- Born: Kerala, India
- Occupation: Mathematician
- Relatives: George Joseph (grandfather); Pothan Joseph (great-uncle);

= George Gheverghese Joseph =

Mathematician and specialist in the history of mathematics

George Gheverghese Joseph, also known as G. G. Joseph is an Indian-born African mathematician who is a specialist in the history of mathematics. His works are mainly focused on the achievements of Kerala school of astronomy and mathematics and the transmission of mathematics from India to Europe.

==Early life and works==
Joseph was born in Kerala, India. At the age of 9, his family moved to Mombasa, Kenya and he pursued his schooling in Kenya. He completed his degree in mathematics at the University of Leicester.

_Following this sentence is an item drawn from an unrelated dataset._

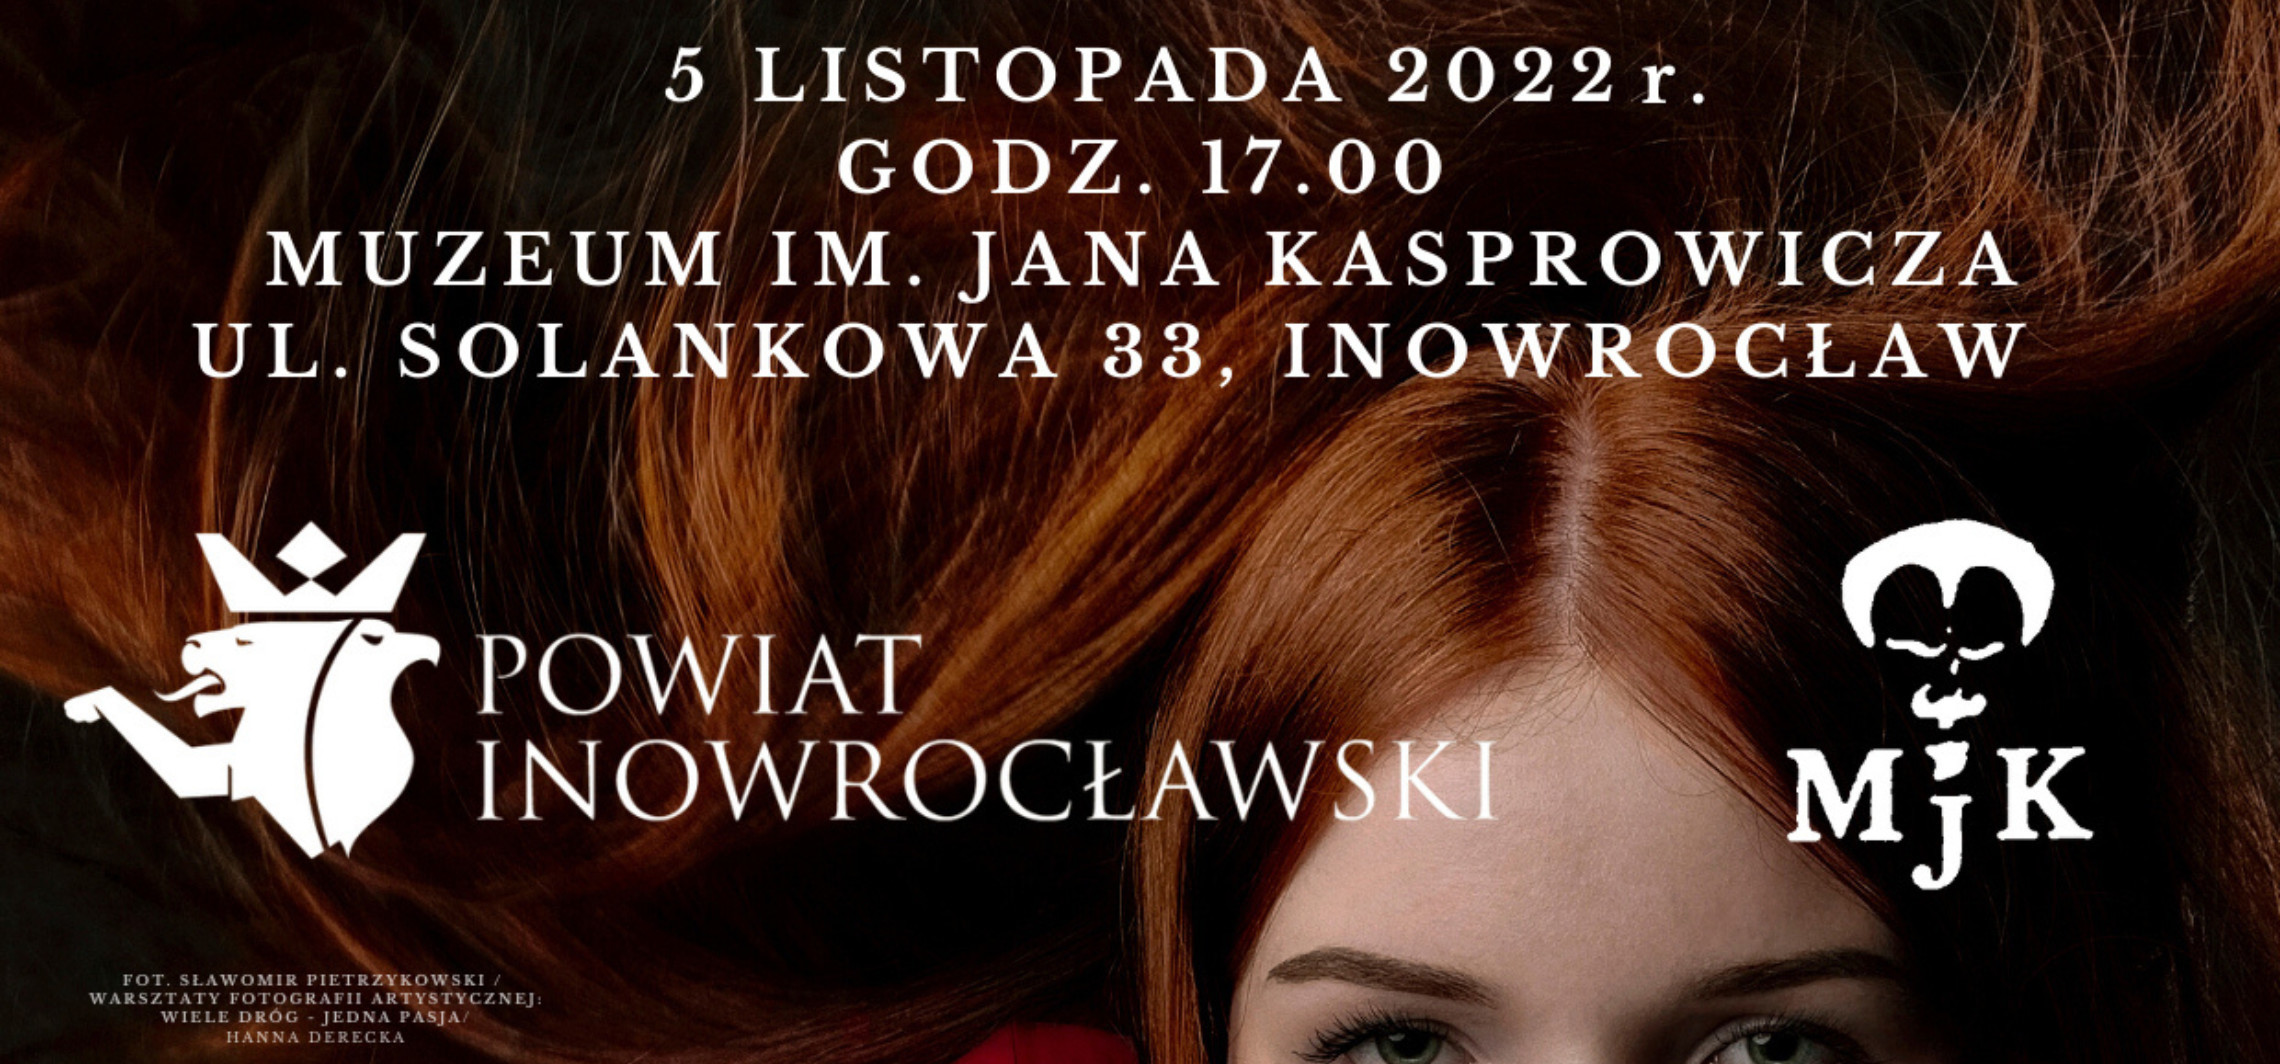 Inowrocław - W muzeum zobaczymy fotografie portretowe i nie tylko

After completing his degree, he worked as a school teacher for six years in Kenya and, then he did a master's degree and PhD at the University of Manchester, England.

He studied and conducted researches in applied mathematics and statistics, including multivariate analysis, mathematical programming, and demography. Through his research and the best selling book The Crest of the Peacock, he argued that the infinite series was invented by Kerala mathematicians in 1350, before Europeans. This work garnered publicity and generated discussions in the history of maths on the discoveries made by Indians that predated the Europeans. He is considered by many to be an early pioneer in the decolonising the curriculum movement.

He qualified in Law in 2000. In 2003, he published a biography of his grandfather, also called George Joseph who was instrumental in India's battle for independence. In 2025, he published a memoir on his experiences growing up in India and Kenya and then studying in England in the 1950s.

==Bibliography==
- The Crest of the Peacock: Non-European Roots of Mathematics, Princeton University Press, 1991.
- A Passage to Infinity: Medieval Indian Mathematics from Kerala and its Impact, 2009.
- Between Empires: A Life Across Borders and Boundaries, 2025
- Kerala Mathematics: History and Its Possible Transmission to Europe, 2009.
- George Joseph: The Life and Times of a Kerala Christian Nationalist, 2003
- Indian Mathematics: Engaging with the World from Ancient to Modern Times, 2016
- Multicultural Mathematics: Teaching Mathematics from a Global Perspective (with David Nelson and Julian Williams), 1993.
- Women at Work: The British Experience, 1983.